Note. Data include test–retest reliability, ICC(A, 1), of Subset 1, number of participants in each group (n) for all following psychometric analyses, the group standard deviation of mean weeklong vocal effort during the first week of monitoring, the standard error of measurement (SEM), the minimum detectable change with 95% confidence intervals (MDC95), and the minimal clinically important difference. The psychometric data for the moderate and severe groups is only meant to serve as “best-case scenario” estimates and should be interpreted with caution, as the sample sizes are very small. Psychometric data for the entire group are bolded. WFL = within functional limits.

a

Test–retest reliability was not available for moderate and severe overall severities due to the small number of participants in the test–retest subset, so the overall ICC of .96 was used.

Discussion

The overarching aim of this study was to examine EMA of vocal effort, defined as the amount of perceived work or exertion to produce voice measured in an individual's real-world speaking environment. Building on previous work that measured vocal status (Van Stan, Maffei, et al., 2017), we implemented a vocal effort prompt and VAS using the same technology via a customized platform on a smartphone device. We assessed the psychometric properties of an ecological vocal effort scale that is linked temporally to a voicing task and used to capture vocal effort ratings throughout a week of ambulatory voice monitoring in individuals with and without VH, with the goal of offering a generalizable method to measure vocal effort throughout daily life.

Test–Retest Reliability

Test–retest reliability, as it pertains to self-report of vocal status, is a challenging metric to assess; a balance must be found in spacing the ratings far enough in time so that recall effect is minimized and close enough in time to ensure that vocal status has remained constant. In individuals without VH, a time period longer than the 20-min recording between ratings could be acceptable, as their vocal status is less likely to change; however, patients with VH may be more prone to changes in status associated with vocal demands. As noted previously, a test–retest design was not initially planned, so test–retest data were limited to the most recent year and the ratings made during in-lab procedures only. In contrast to work by Van Stan, Maffei, et al. (2017), who used Cronbach's alpha to obtain an estimate of internal consistency for the construct of vocal status, we did not presume that the ecological vocal effort scale linked to a voicing task would have the same latent construct as voice-related discomfort and fatigue scales. Thus, for this study, test–retest reliability was determined to be the most appropriate measure of reliability, despite the potential limitations of the study design.

Overall, the vocal effort scores were found to be reliable based on a test–retest analysis. Although it is possible that the high reliability found could be attributed to the short time frame interval (approximately 20 min), a longer interval might have introduced other confounds (e.g., changes in vocal status).
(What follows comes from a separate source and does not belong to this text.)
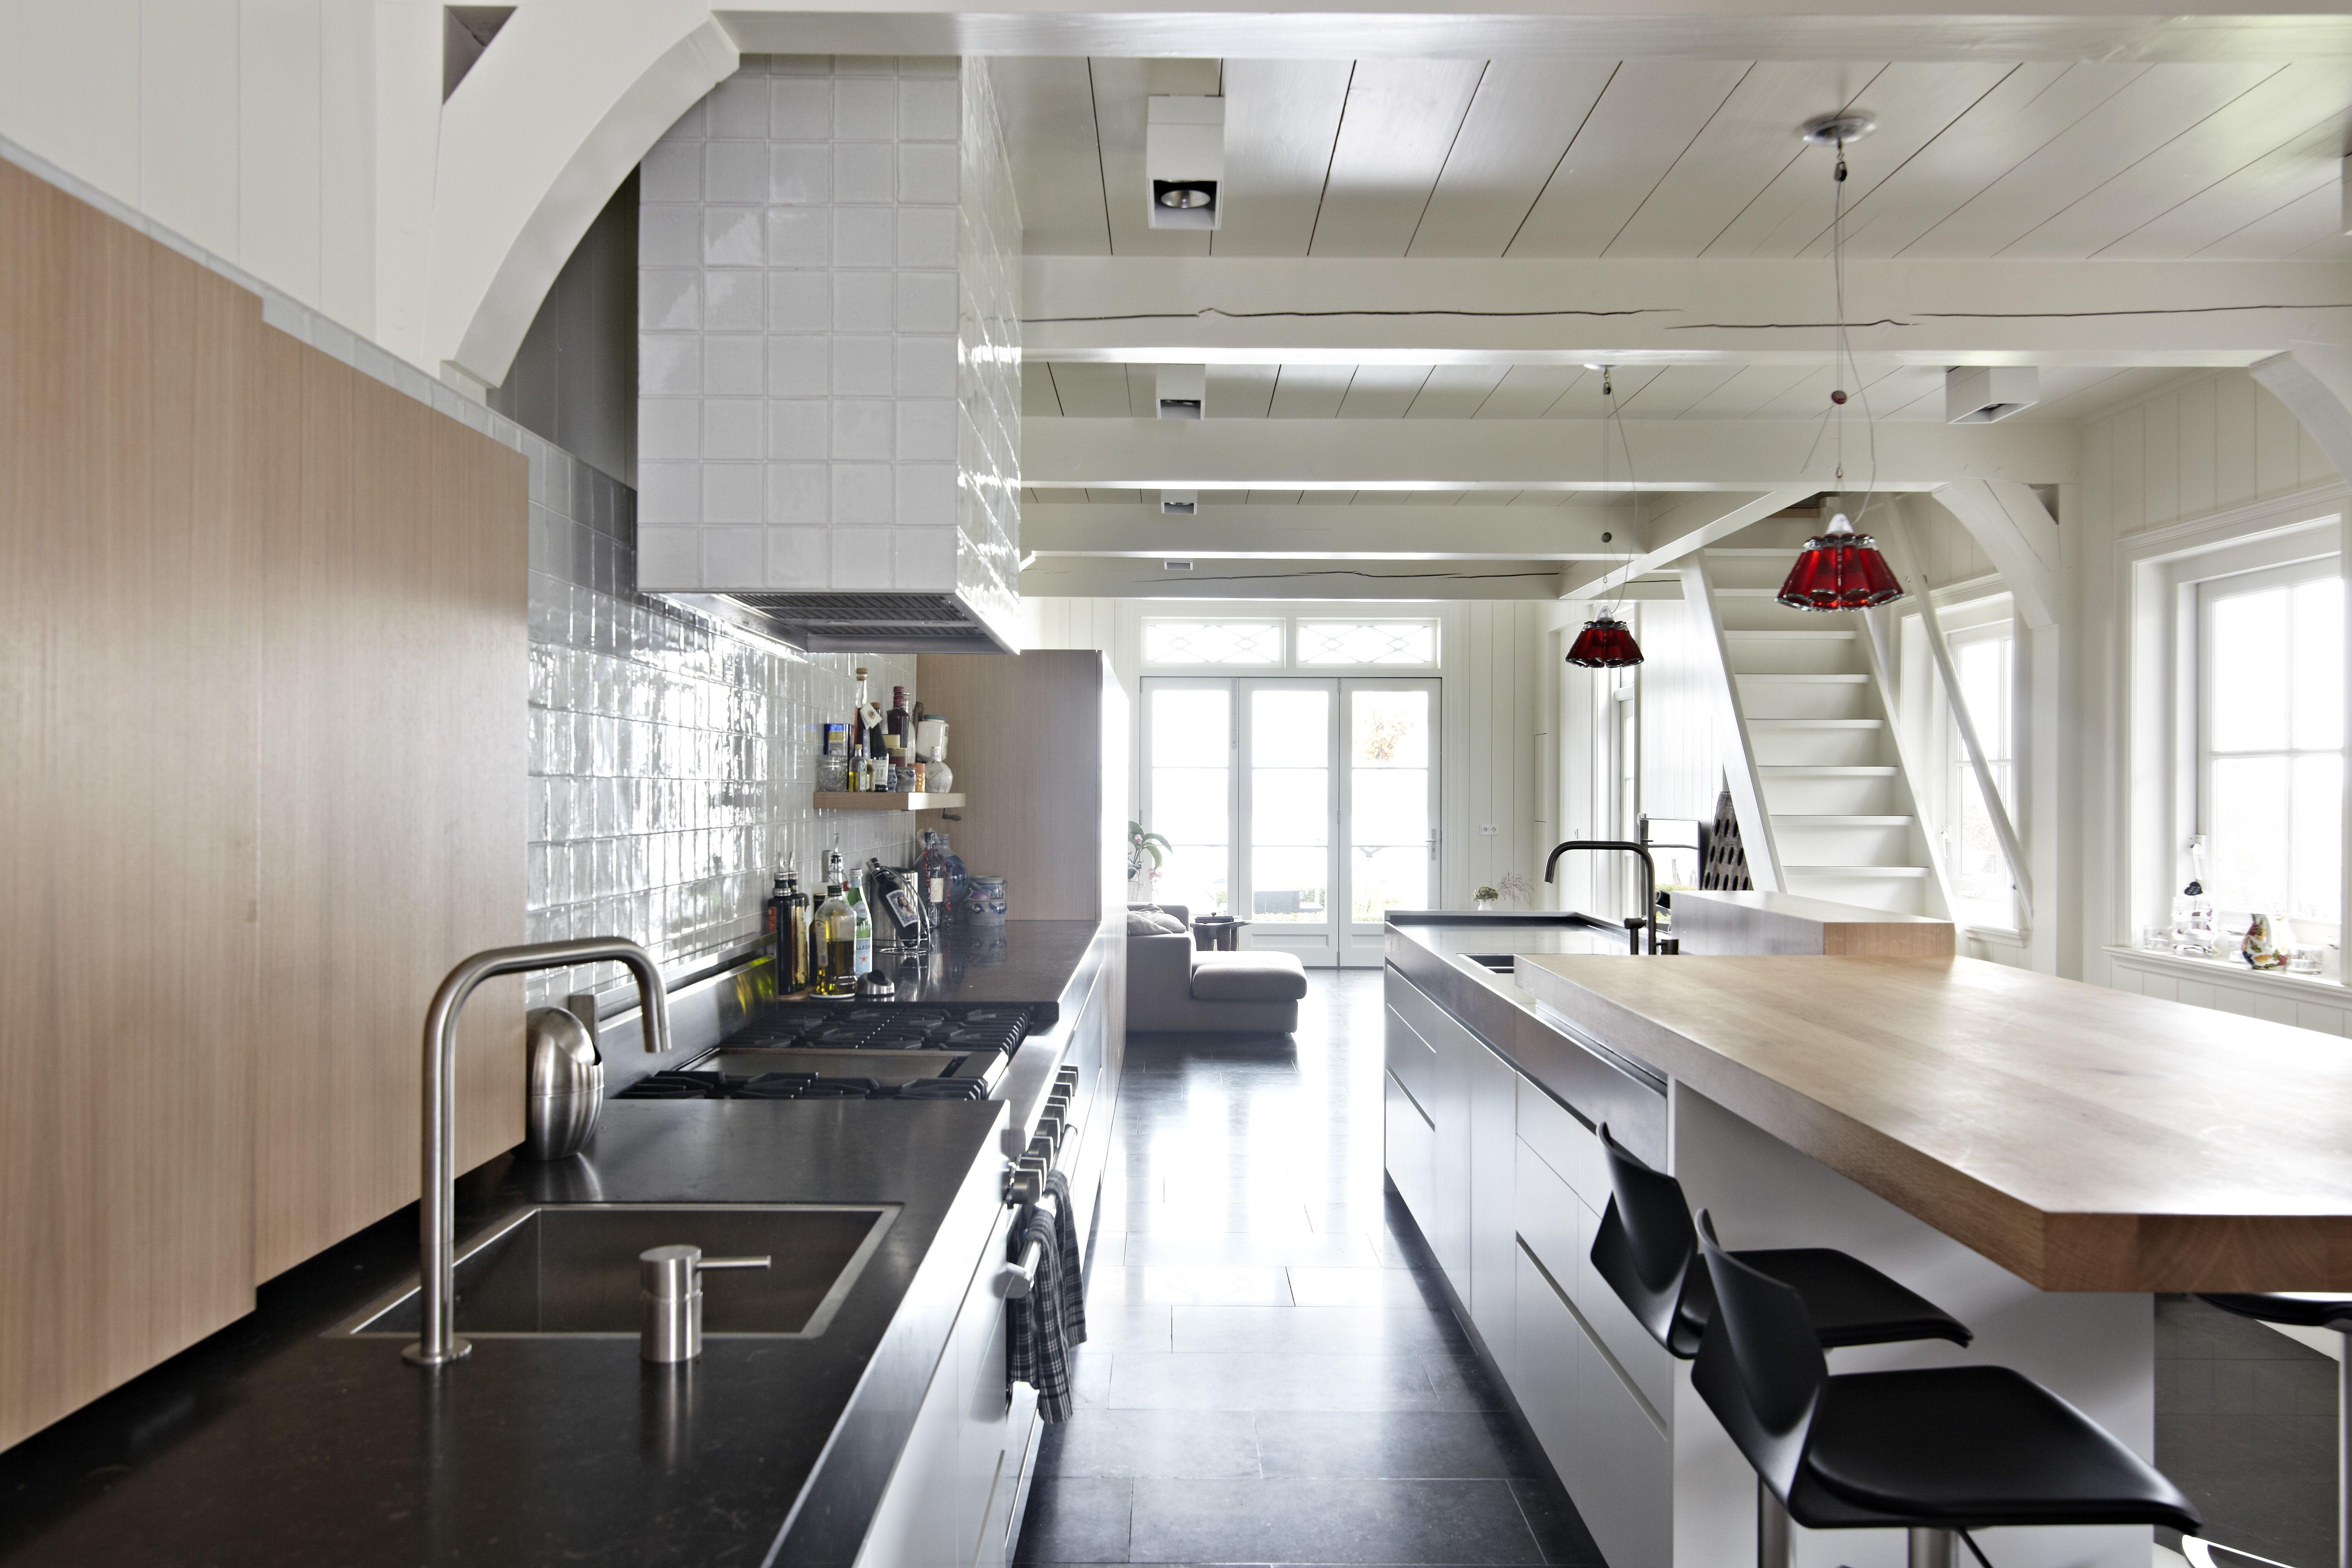 keuken #balken #plafond #eiken #hout #landelijke #stijl #tegel ...

The test–retest reliability found using Subset 1 was .96, which indicates excellent reliability. We used a data-driven approach to identify two subgroups based on CAPE-V OS scores. We calculated ICCs separately for the two subgroups, finding reliability of .91 for those VH patients with mild OS and a reliability of .87 for individuals with OS WFL. These results suggest that the ecological vocal effort scale is reliable for individuals with OS scores under 30. Future work should determine if the reliability of the scale changes for more dysphonic individuals. Our high reliability scores of vocal effort based on test–retest reliability may indicate a “best-case scenario” in that it is the best reliability obtainable, but this means the MDC95 is “at least” as large as what was found, which is still valuable information. In future work, we could probe participants to rerate vocal effort even during times when they indicate “no change” in vocal status. Although it would place more burden on the participants, this method would allow us to measure test–retest reliability in the field as opposed to only in the laboratory.

Validity

The ecological vocal effort scale was validated in the context of ambulatory voice monitoring, empirically supported by two main findings. As expected, weeklong mean vocal effort was statistically different for patients with PVH and NPVH compared to individuals without VH, evidence of known-groups validity. This finding was consistent with previous results of ambulatory vocal status (Van Stan, Maffei, et al., 2017), which differentiated patients with PVH and NPVH from individuals without VH with very large effect sizes. Findings from this study were different than those of Baldner et al. (2015), which found that the Borg CR-10 did not differentiate patients and control participants. The variability of weeklong mean vocal effort scores was much larger for the patient groups compared to the control group, which indicates that vocal effort changes more throughout the day/week for patients with VH compared to individuals without VH. It is possible that patients with VH may have varying degrees of effort from one another or they may use the scale in different ways, rating in the same direction and magnitude but at different areas of the scale. Future work could investigate these patterns among patients in a more comprehensive way. Individual variability of the weeklong vocal effort ratings was greater in patients compared to controls, confirming that vocal effort does in fact vary throughout the day in many individuals with VH compared to those without VH. This result corroborates other studies that have found no meaningful change after a vocally demanding event, such as fitness instruction (Dallaston & Rumbach, 2016) or singing performance (Kitch et al., 1996) in individuals without voice disorders. Our findings demonstrate the potential for tracking ecological vocal effort throughout daily life to identify instances of increased hyperfunctional behaviors. Objective measures associated with increased vocal effort could be employed as an early-warning system to either prevent VH or serve as biofeedback to aid patients in therapy as they rehabilitate, fostering carryover of strategies to natural voicing activities of daily life.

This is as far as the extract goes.